FYN: Seven years in, still defining the cutting edge of South African fine dining.

Jan 13, 2026

 

FYN has firmly established itself as one of Africa’s most acclaimed restaurants. A growing list of accolades – both for the restaurant and chef-owner Peter Tempelhoff – underscores its standing, with little sign that the momentum is slowing. 

Fyn opened seven years ago and quickly became one of the defining dining destinations in the country. Last year, Tempelhoff became the first South African chef to receive Three Knives at the Best Chefs Awards, an accolade that positions him among the top chefs worldwide. 

The restaurant is regularly ranked among the world’s top 100 restaurants, sometimes among the top 50. Culinary director chef Ashley Moss and beverage director Jennifer Hugé along with Tempelhoff create an experience deeply rooted in the Cape’s land and sea, and explore taste, texture and technique. 

But where other fine dining restaurants often use a French approach and techniques, Tempelhoff uses local ingredients and translates them with the ethos of Japanese cuisine, with its multi-course tasting menu that blends precision and restraint, with bold local flavours. 

On the fifth floor of a building in Cape Town’s CBD on Parliament Street, FYN’s floor-to-ceiling windows frame sweeping views of the city and Table Mountain.  The restaurant had a thoughtful revamp in 2025. The dramatic ceiling installation – thousands of suspended discs – remains a focal point, while new tables and chairs enhance comfort and a wooden floor lends warmth. The chopsticks are now handcrafted with South African wood, where previously they had been imported. 

The restaurant still exudes a calm sophistication with wood, stone and soft metal tones – with the open kitchen adding energy and transparency. The entrance was redesigned to make it a bit more dramatic, the kitchen flow was improved, small changes were made to lighting, chairs and tables were redesigned and the playlist was fine-tuned. 

Our recent dinner at FYN had us savour The Experience Menu, a journey through earth, plant and sea – with indigenous and intriguing ingredients.  It was world class. 

The team sources much of the ingredients from their indigenous garden at Beyond, the sister restaurant at Buitenverwachting. The garden there supplies both kitchens with rare local produce. Among these are succulents like Sunrose, with its lemony tang, and a nutty root that can grow over a metre long with a taste like macadamia nuts. 
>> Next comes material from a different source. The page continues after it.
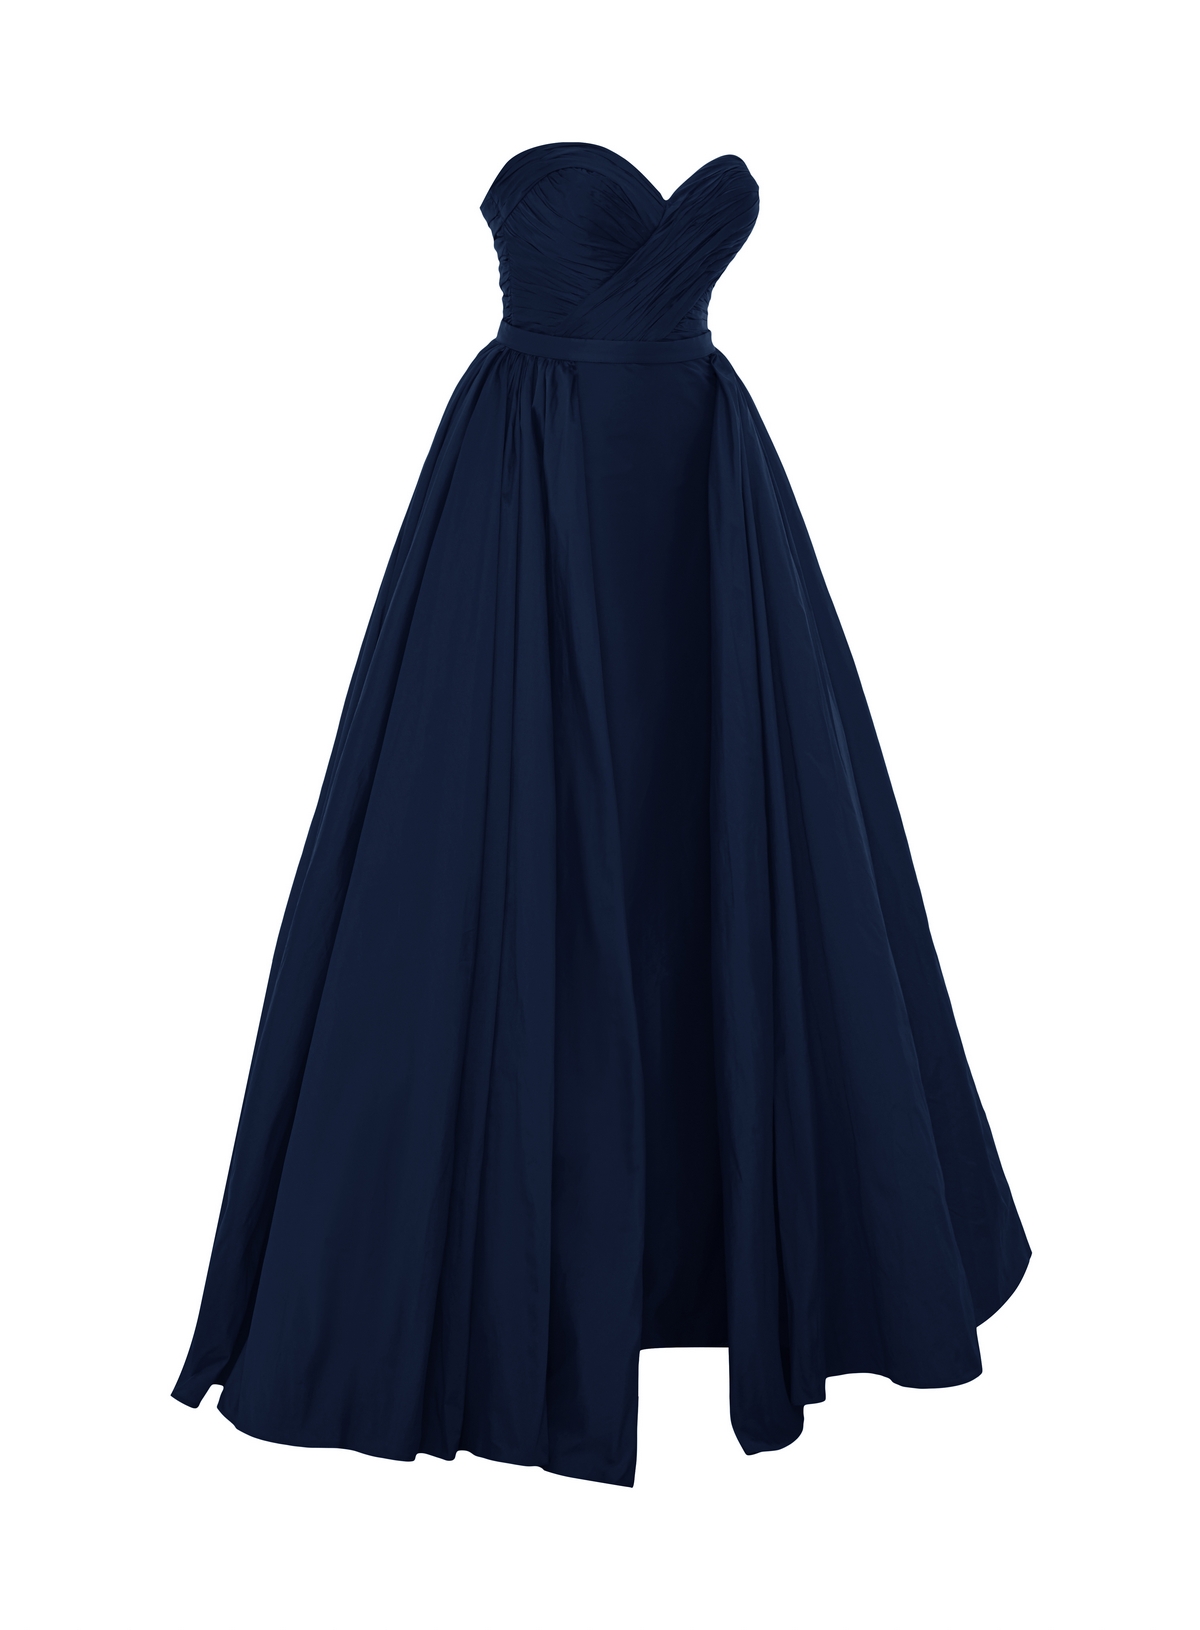 Picture of GLORIA NAVY DRESS
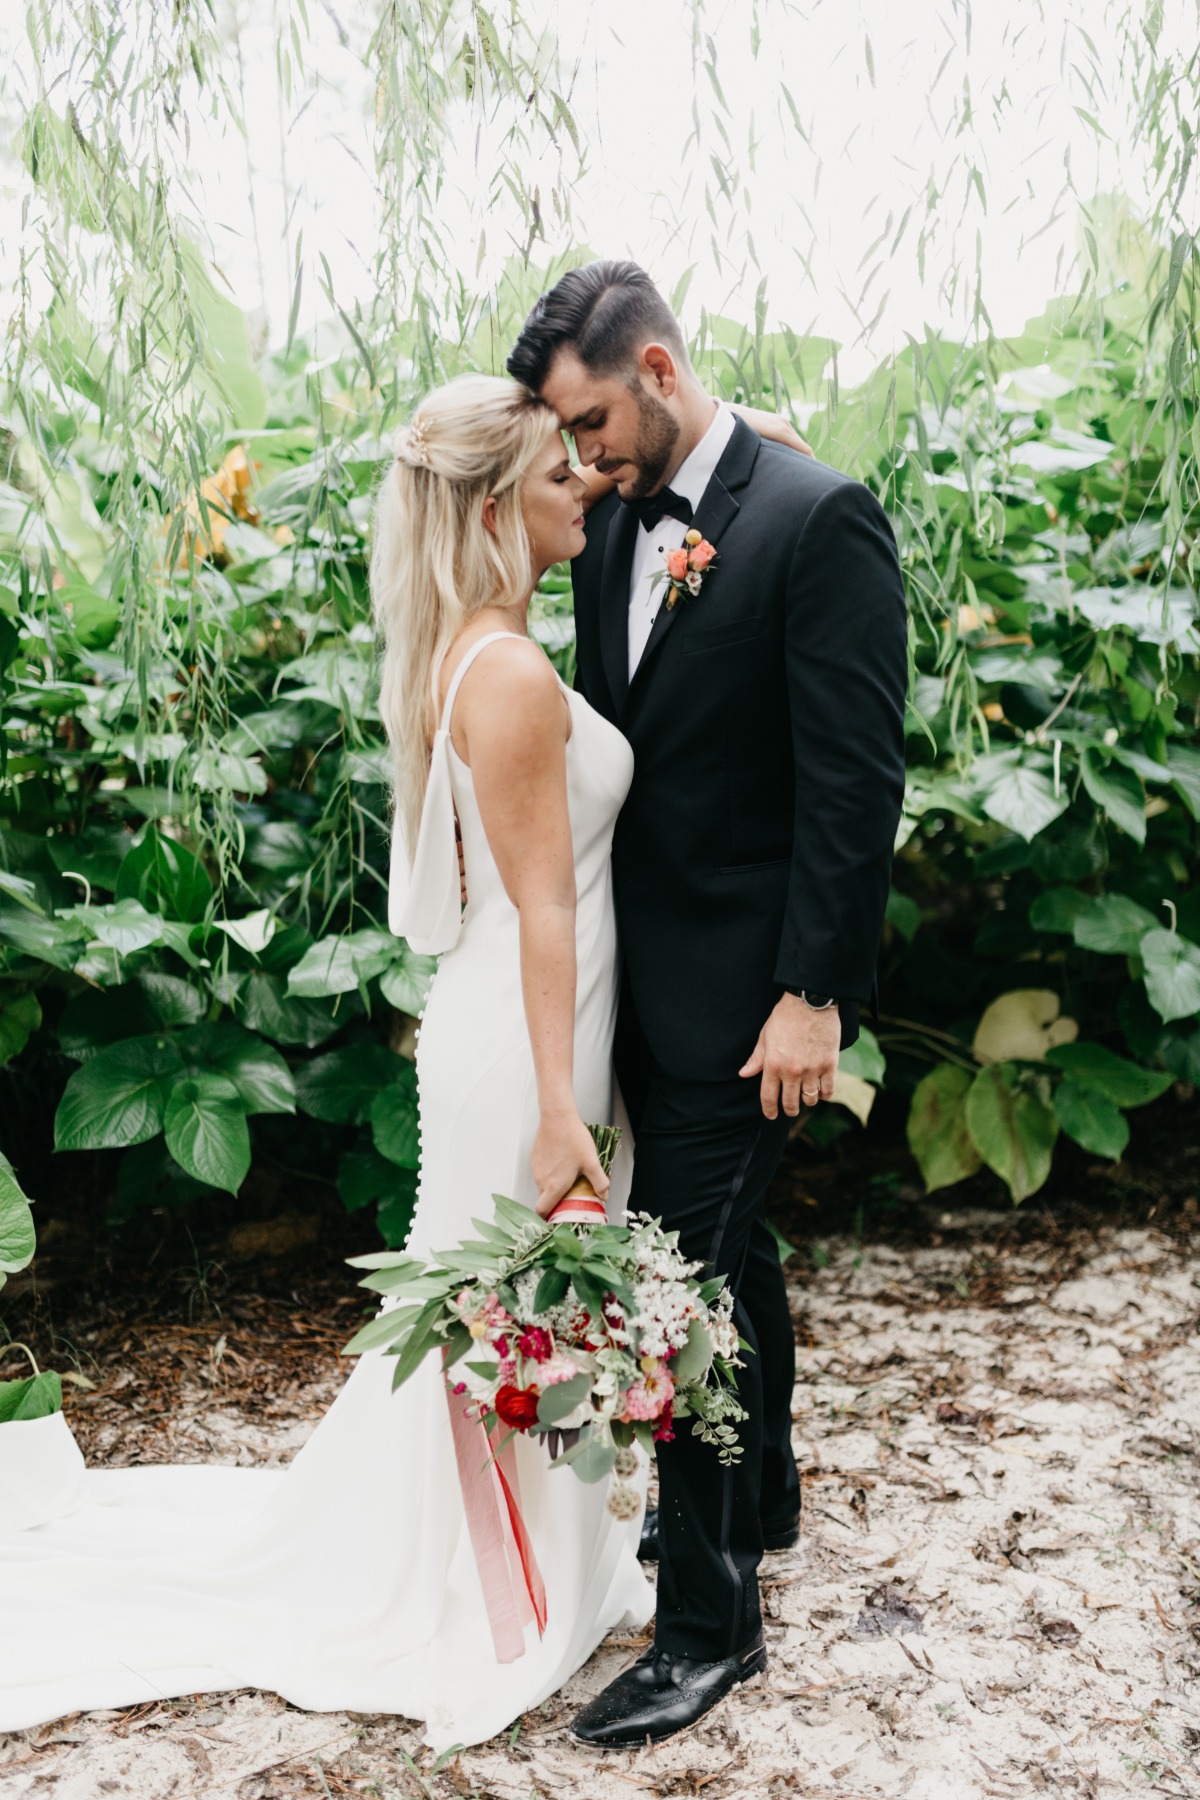 How To Have A Modern Day Nature Inspired Wedding

They use noodles instead of pasta, and lighter sauces than the cream. They’re using locally inspired dashi (a light, savoury broth used as a base ingredient in Japanese cooking) as well as other broths, and more raw fish dishes. And they’re using sake, and soya sauce. But as Peter Tempelhoff says: ultimately FYN will always be rooted in South Africa, and the Cape in particular. 

The tasting menu celebrates what makes the Western Cape singular. It draws from South African biomes and biospheres and land and sea plants. It’s about Cape game fish (tuna and yellowtail), sea plants (kelp, sea lettuce, wakame and nori), land plants (waterblommetjies, sunrose and dune spinach) and Cape Wagyu, a cross between African black cattle and Japanese wagyu, served with sauteed mushrooms and rooibos. 

The courses are delicate and layered, they brim with creativity from the plating and presentation to the interplay of colour and form. Service is precise but not intrusive. 

There’s also an element of playfulness. The non-alcoholic drinks are inventive – a vibrant kiwi and green tea refresher and a house-made cola that tastes like Haribo sweets, complete with a cola gummy on the side. 

Dessert keeps the sense of fun alive: rice pudding made with Ishikawa rice, coconut and meringue, topped with ginger and puffed rice; a coconut-citrus sorbet with chocolate tuile for crunch; and a zingy finer lime and pineapple taffy inspired by Tempelhoff’s Durban roots, with chilli and shichimi spice adding a zestful bite. 

Fermentation plays a central role. The team brews their own kombuchas and water kefirs (along with other infusions and tinctures) at the Buitenverwachting farm. Pescetarian, vegetarian and vegan tasting menus are also available. 

As for the wine, Hugé, a French-South African sommelier who co-founded FYN and previously ran La Colombe for almost 18 years, curates pairings. The list is almost a tour of the Cape from Klein Constantia and Sadie Family Wines from the Swartland to Brookdale in Paarl, Delheim from Stellenbosch and Newton Johnson in Hemel-En-Aarde in the mix. 

Tempelhoff knows the expectations are high. It’s about constantly pushing to do the best they can and offer the best possible experiences to their guests. A tall order, but FYN certainly rises to meet it.